Über ein Jahr lang hat man keine Fantasien entwickelt.

Albert Scherr, Professor für Soziologie

Albert Scherr ist Professor für Soziologie an der Pädagogischen Hochschule in Freiburg, wo er unter ande­rem zu Jugend und Migration forscht. „Man darf nicht alle in einen Topf wer­fen“, betont er und unter­schei­det zwi­schen Feiernden und Randalierenden. Für erste­re zeigt er Verständnis. „Dass Jugendliche fei­ern und dabei laut sind, ist erst­mal nicht so verwunderlich.“

Die Gesellschaft habe den Jugendlichen zuge­mu­tet mona­te­lang nicht zur Schule zu gehen und sich haupt­säch­lich zuhau­se auf­zu­hal­ten. Scherr for­dert ange­sichts der Pandemie dezen­tra­le Feiermöglichkeiten und lastet der Politik an, das bis­her ver­säumt zu haben. „Über ein Jahr lang hat man kei­ne Fantasien entwickelt.“

Ähnliche Worte fin­det Jugendforscher Simon Schnetzer aus Kempten. „Die Polizei muss das Versagen der Politik aus­ba­den, dass wir es nach einem Jahr Pandemie nicht geschafft haben, den jun­gen Leuten einen Raum zu bie­ten.“ Damit wol­le er jedoch auf kei­nen Fall Randalen verteidigen…
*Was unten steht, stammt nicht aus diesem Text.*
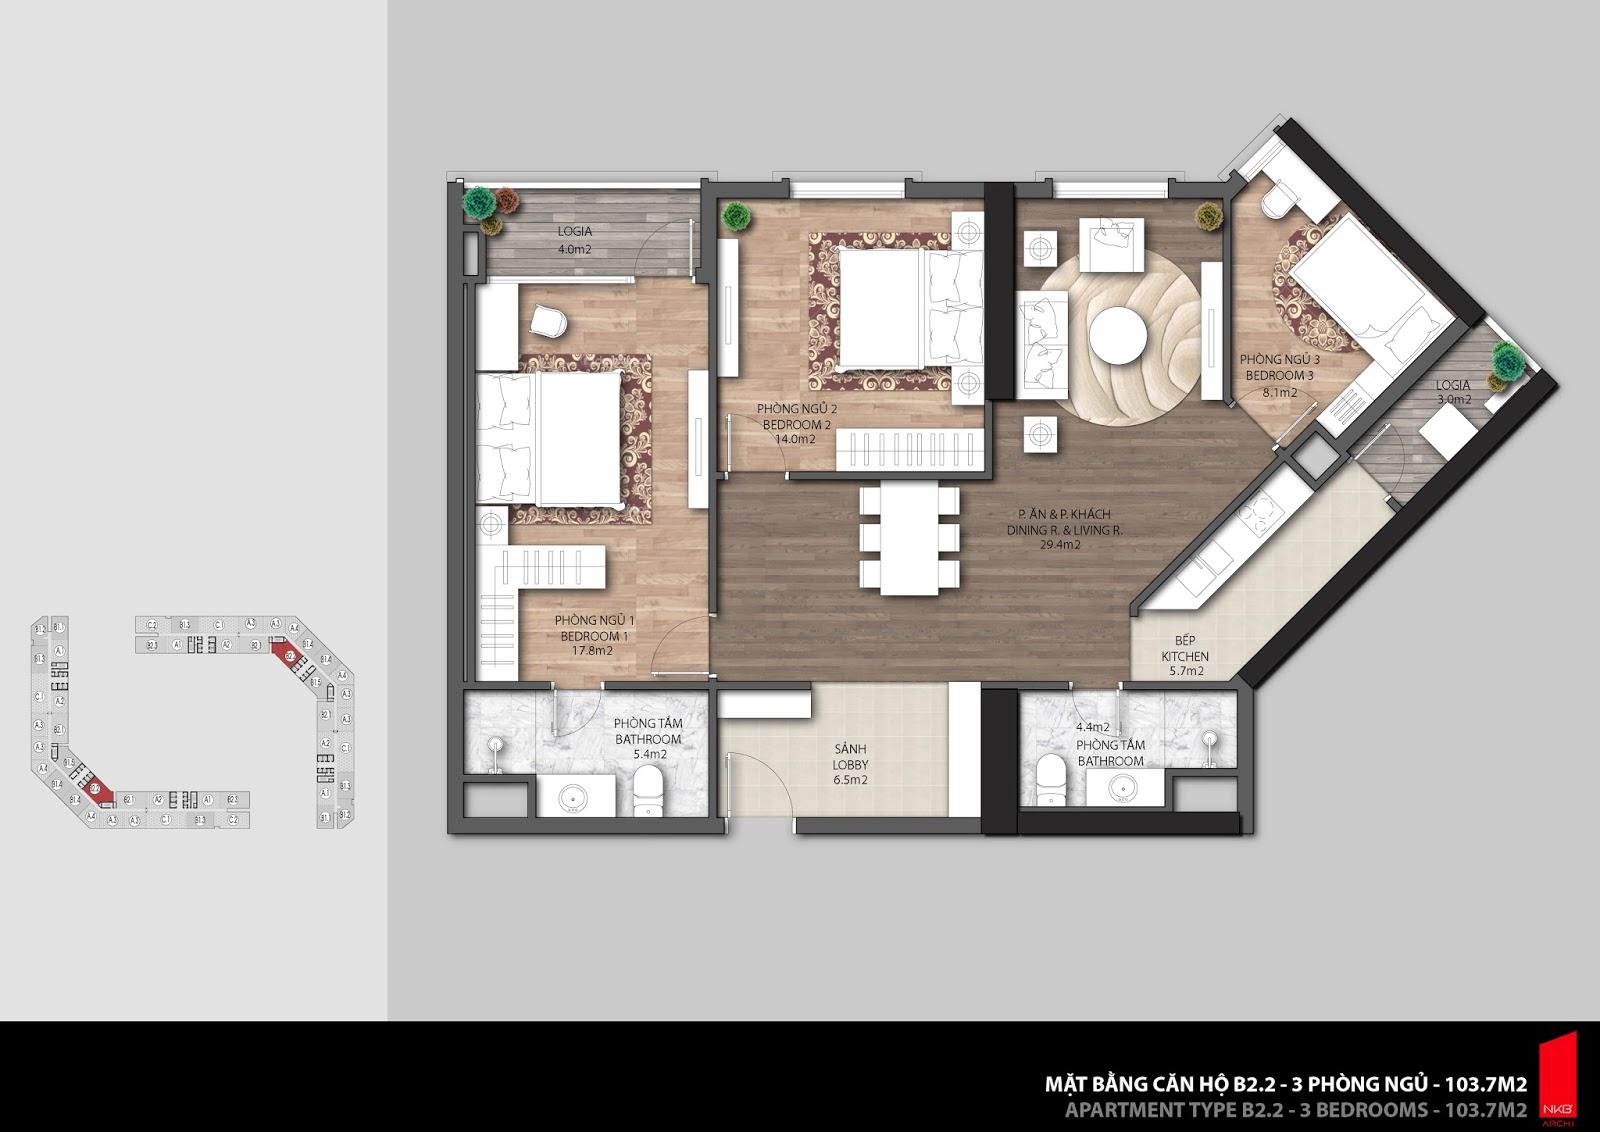 Mặt bằng căn hộ 103,7m2

Leugnende Jugendliche sind eine Minderheit

… „Ich fin­de Maske tra­gen und testen las­sen nicht schlimm, aber das Soziale weg­neh­men, das ist schlimm“, sagt eine 19-jährige.

Manche hal­ten die Pandemie aber auch für einen Schwindel und zei­gen kein Verständnis für Corona-Maßnahmen. Damit gehö­ren sie aller­dings einer Minderheit an, folgt man der Studie „Jugend und Corona in Deutschland“, die Simon Schnetzer gemein­sam mit Klaus Hurrelmann, Professor für Public Health and Education an der Hertie School in Berlin, im Juni ver­öf­fent­licht hat…

Noch sei der Leidensdruck jun­ger Menschen nicht so hoch, sagt Schnetzer. Hinter den Feiern ste­he pri­mär der Wunsch, wie­der zu leben und nicht, zu randalieren.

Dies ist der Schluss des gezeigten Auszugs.